Sup guys, New to MIMB. I got a 2005 BF 750, 2" lift, 27" executioners, HMF Full exhaust, snorkeled relocated radiator, the works, Fun toy. (Im a motocrosser, I traded my two babies for her to make trails on the farm) 

Long story short, Riding it got me back into ATVs and lord and behold, I buy a 4000 lb Viper Synthetic BluSteel winch off ebay, install it, and use it to haul my 2001 Rusted rain-torn shredded Kawasaki Prairie 400 4x4 out of the woods. And lets be real, 4-5 years of sitting in the woods not running and destroyed by a 15 year old with no license, with no cover to protect it from weather, She was in bad shape. (Put it this way, Even the seat was off with the air box cover off during this time.)
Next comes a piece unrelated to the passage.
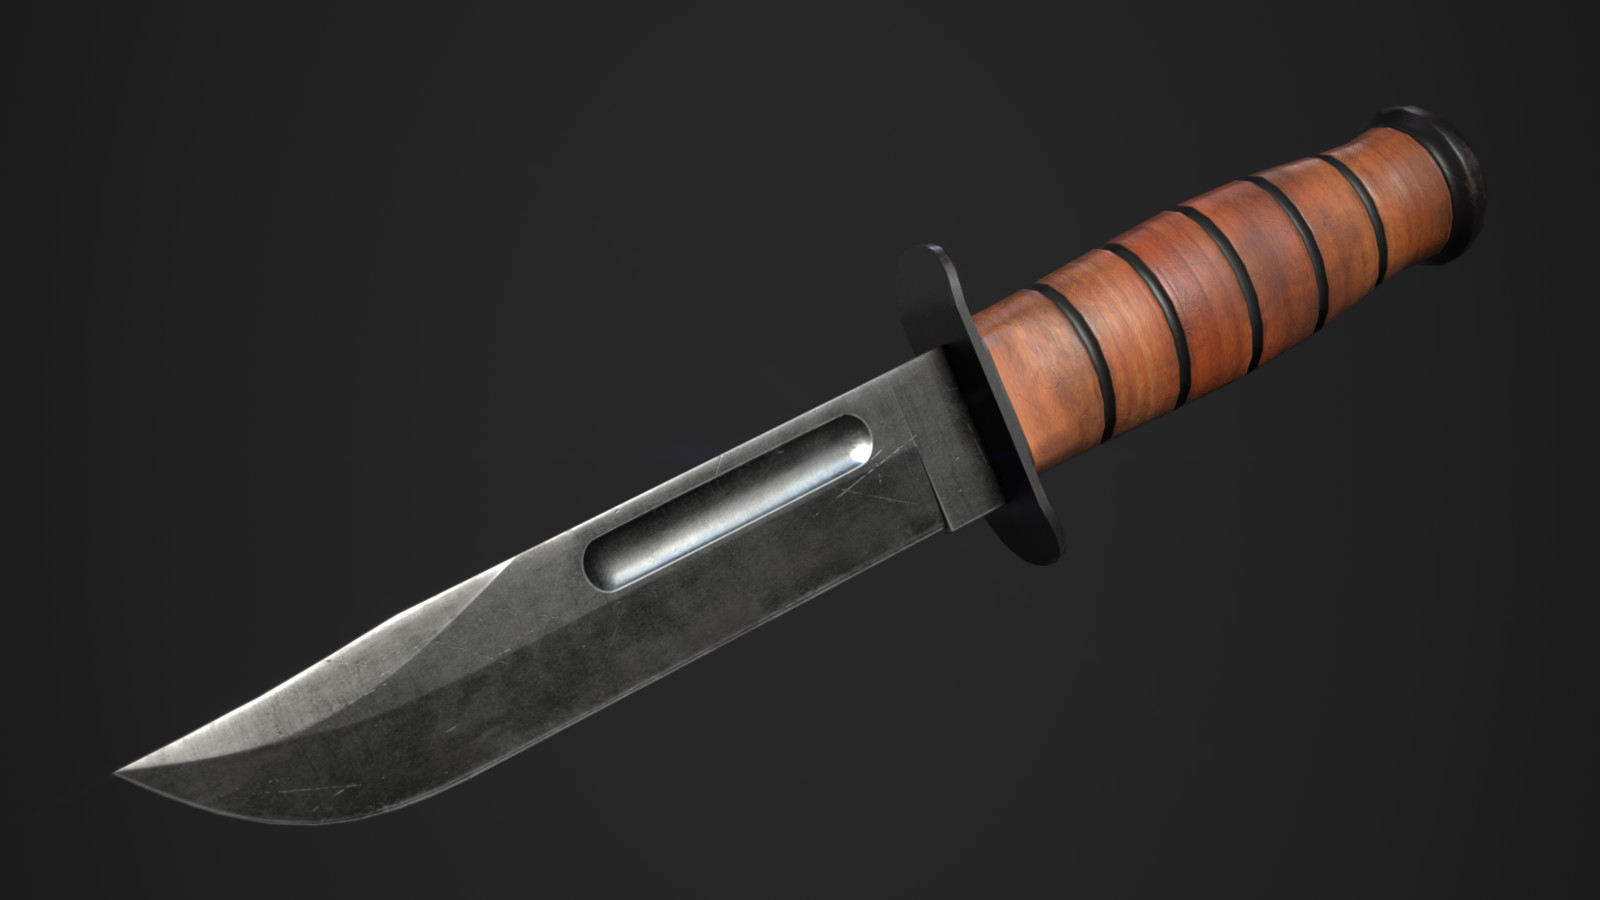 Ka Bar Knife final render
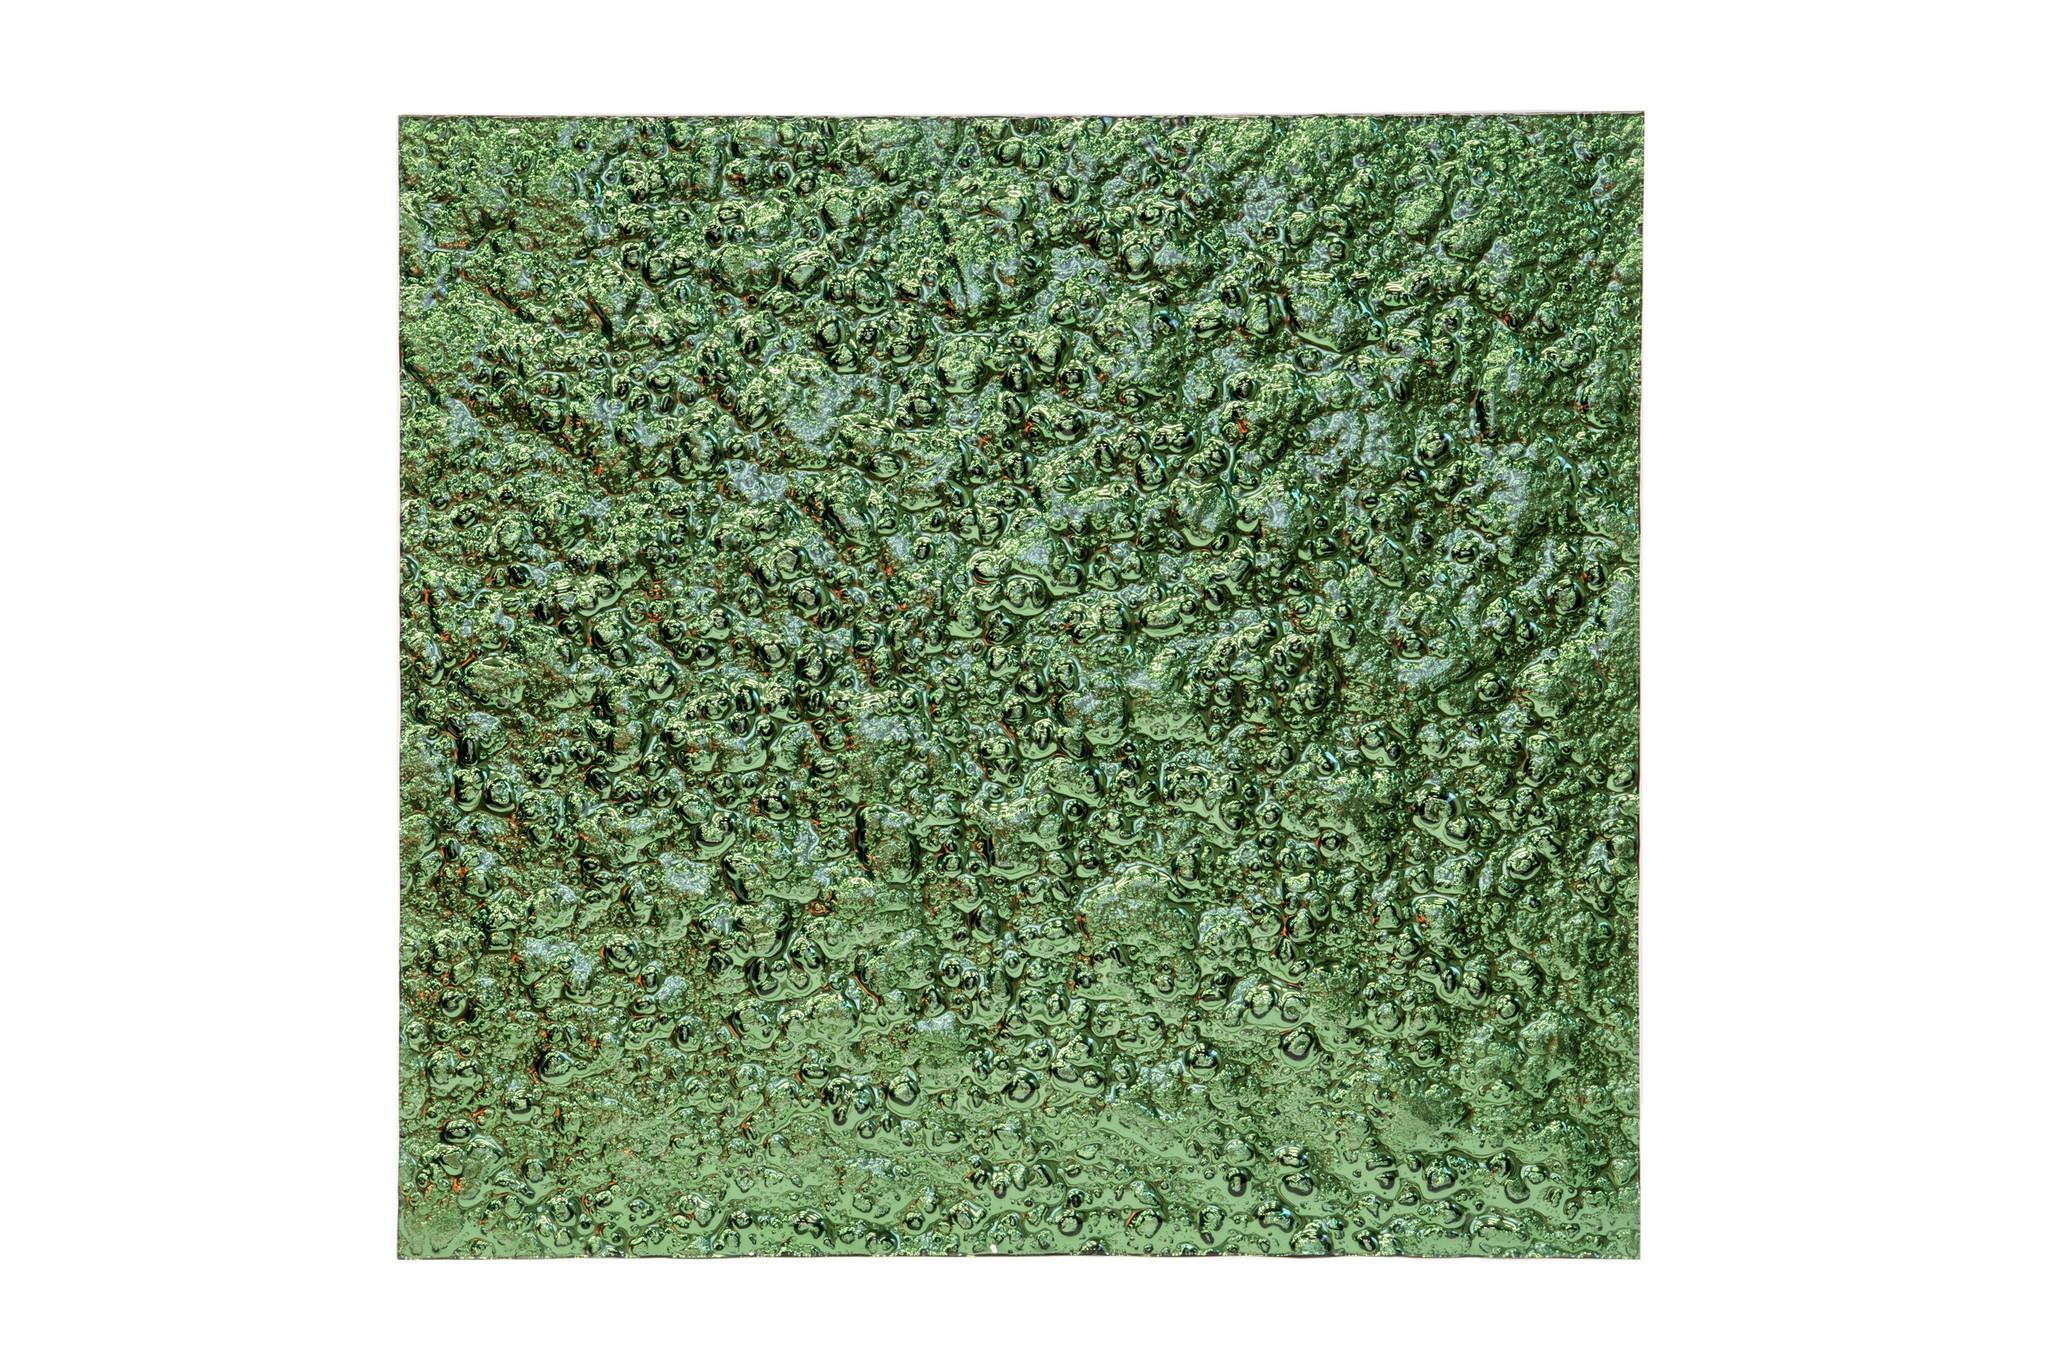 Стеновая панель Green PlanetПанно<br>Стеновые панели из стекла способны преобразить любой интерьер до неузнаваемости. Экспериментируйте с цветом и фактурой — дайте волю фантазии! Стеклянные стеновые панели – это оригинальный способ создать незаурядный интерьер, как в общественном заведении, так и в приватном помещении. Панели легко крепятся к поверхности  с помощью специального клея. Использовать стеклянные панели также можно в качестве фасада мебели. Панелями можно обшить, как большую площадь сразу (в помещении или на улице), так и отдельные элементы (например, колонны). Изготавливаются под размеры заказчика.<br><br>Material: Стекло<br>Ширина см: 100<br>Высота см: 100<br>Глубина см: 2

Yeah. Well that 15 year old is now 24. And has a love for machines and his toys. And rebuilds them, After riding my new BF, Im going to rebuild the Prairie I grew up on (And destroyed).

Im going to be upfront, My knowledge of prairies is little to none. I rebuild MX bikes, 2 and 4 stroke. I deal with top ends and chains and cluthes, Not ever a automatic, 4x4, belt driven.This will be my first ATV attempt ever. So I will be asking for lots of help  This is by far not a HOW TO rebuild a prairie, I have absolutely no idea what the hell I'm doing.


Anyway, Ill get pictures later up, For now lets start with problems.

Where to begin. Shes in bad shape, The only thing I know thats good is the K&N air filter, that was never used that was sitting for 1 year. I cleaned it and resprayed it with K&N oil filter goodies.

Problems when I last rode her.

Rides for maybe 4-5 mph, and wont go after faster, pops, unless you give throttle veryyyy slowly to gain speed, kinda like the belt wont grip or catch or needs replacing in general? Stator?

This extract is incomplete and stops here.